*** Extracted entries Section Begins ***
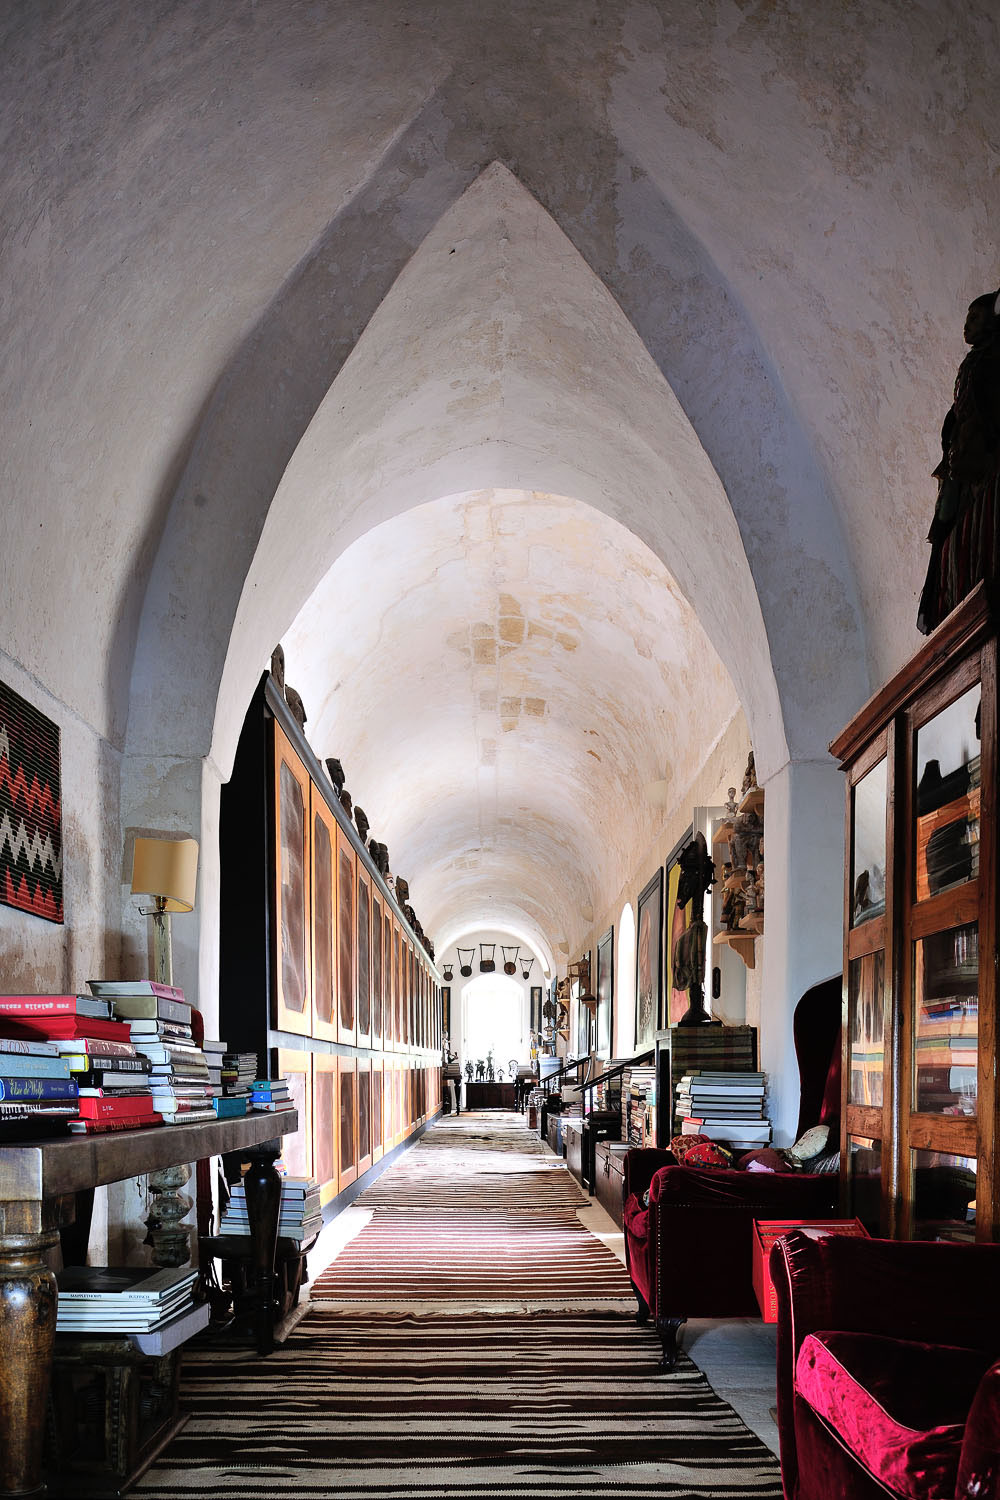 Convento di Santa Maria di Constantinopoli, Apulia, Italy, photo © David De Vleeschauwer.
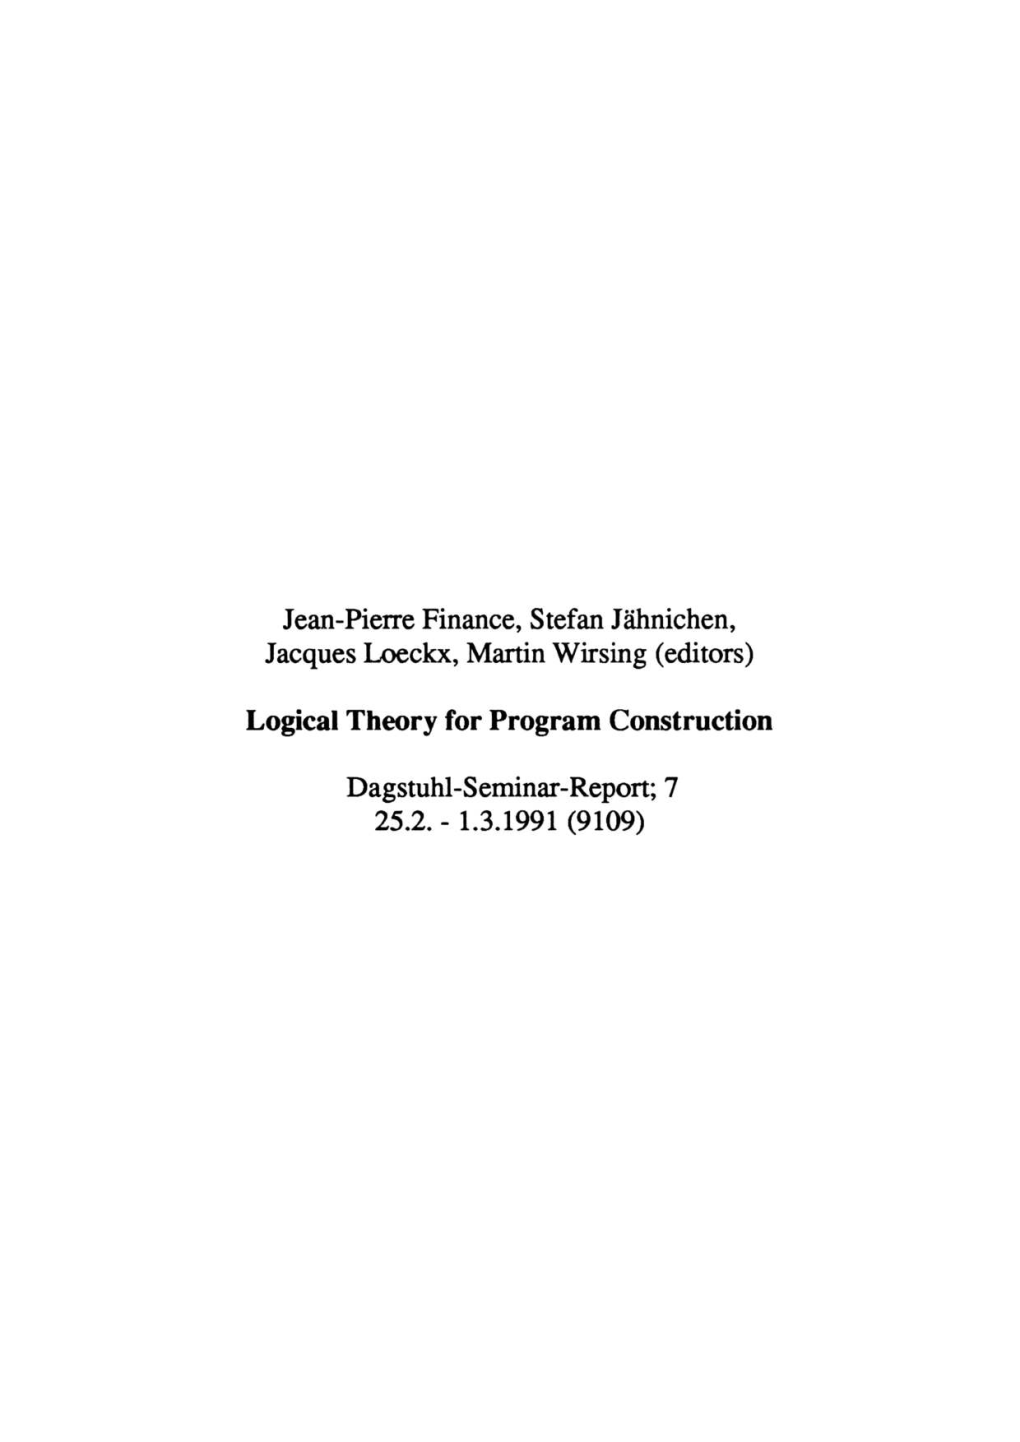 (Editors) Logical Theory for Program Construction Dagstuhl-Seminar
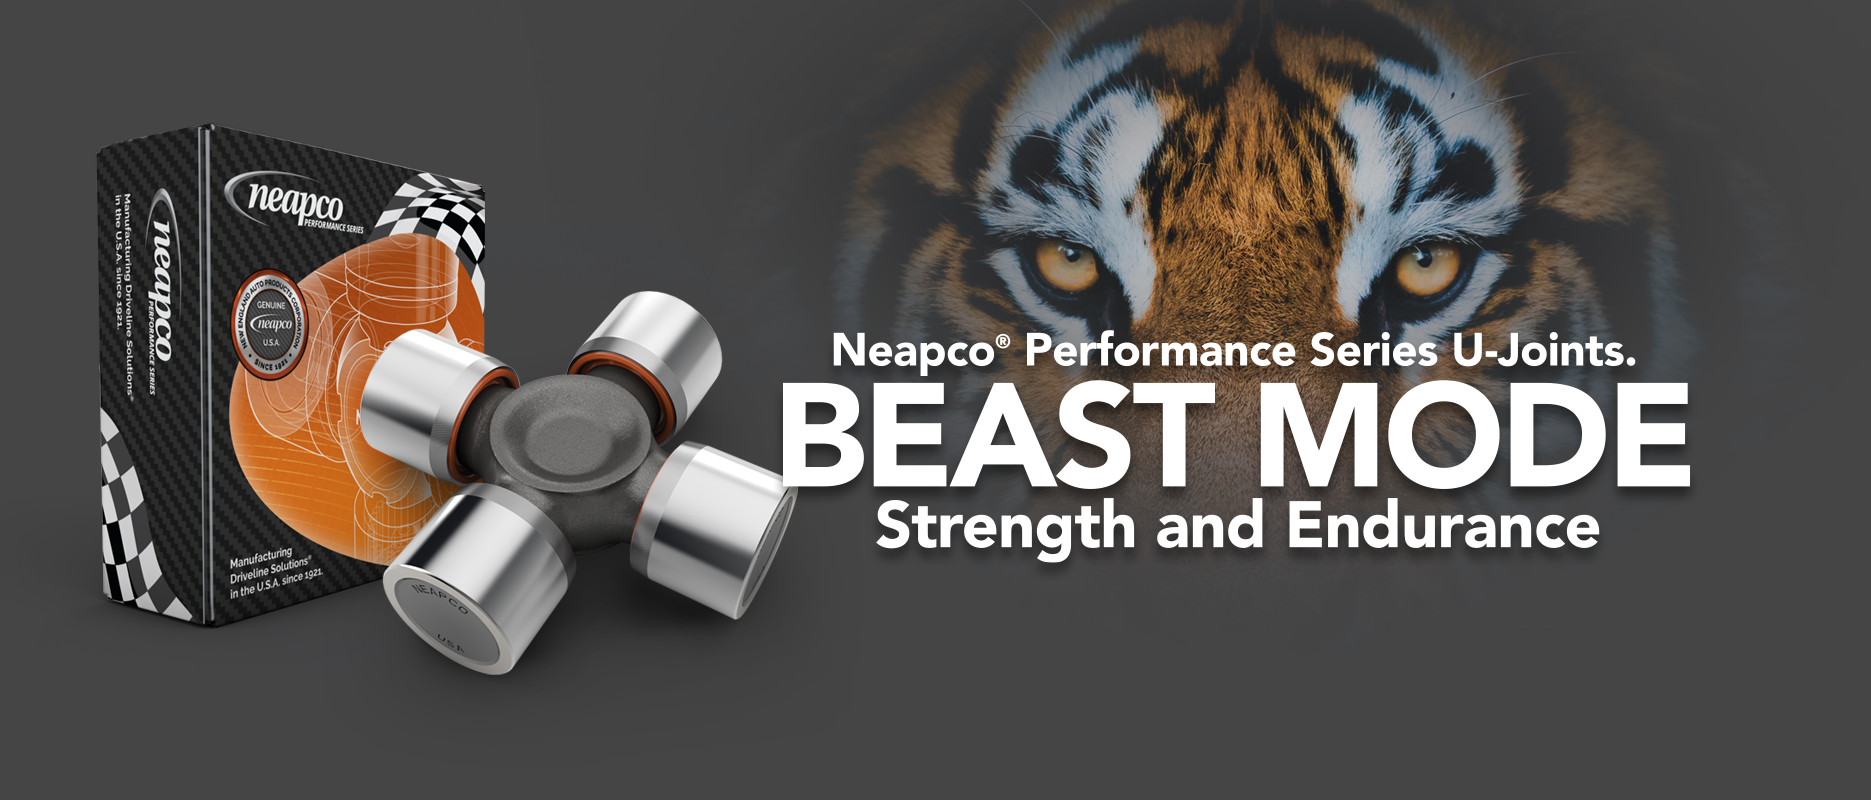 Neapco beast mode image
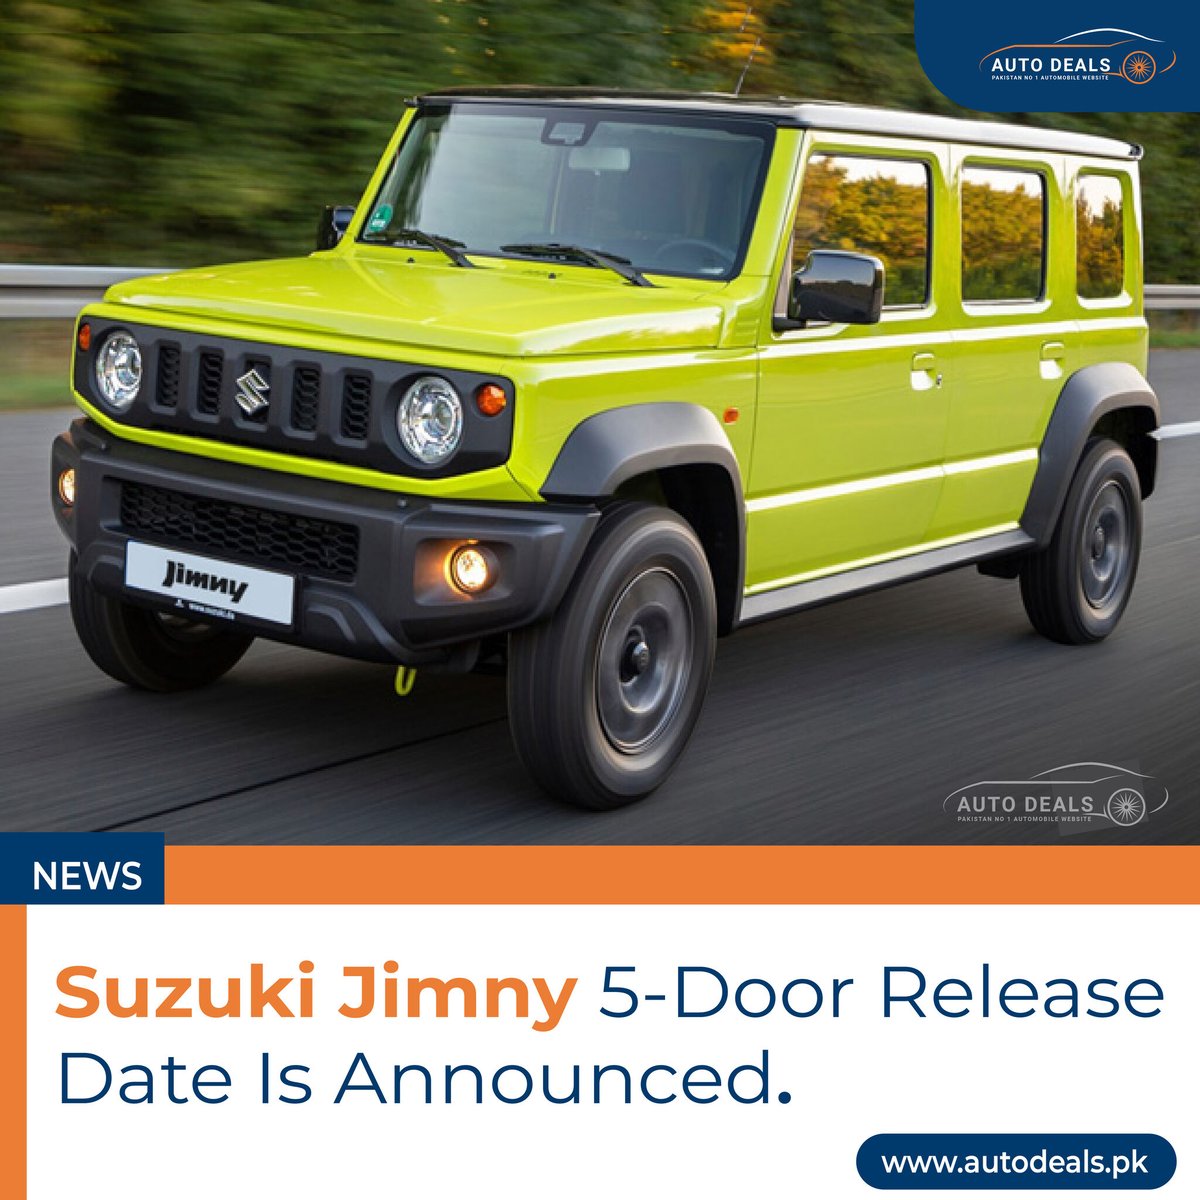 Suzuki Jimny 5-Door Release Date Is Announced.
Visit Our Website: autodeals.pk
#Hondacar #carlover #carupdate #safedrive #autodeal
*** Extracted entries Section Ends ***
**Problem statement**
Set down every entry above exactly as written, but skip the pictures.

**Written reply**
 Convento di Santa Maria di Constantinopoli, Apulia, Italy, photo © David De Vleeschauwer.
 (Editors) Logical Theory for Program Construction Dagstuhl-Seminar
 Neapco beast mode image
 Suzuki Jimny 5-Door Release Date Is Announced.
Visit Our Website: autodeals.pk
#Hondacar #carlover #carupdate #safedrive #autodeal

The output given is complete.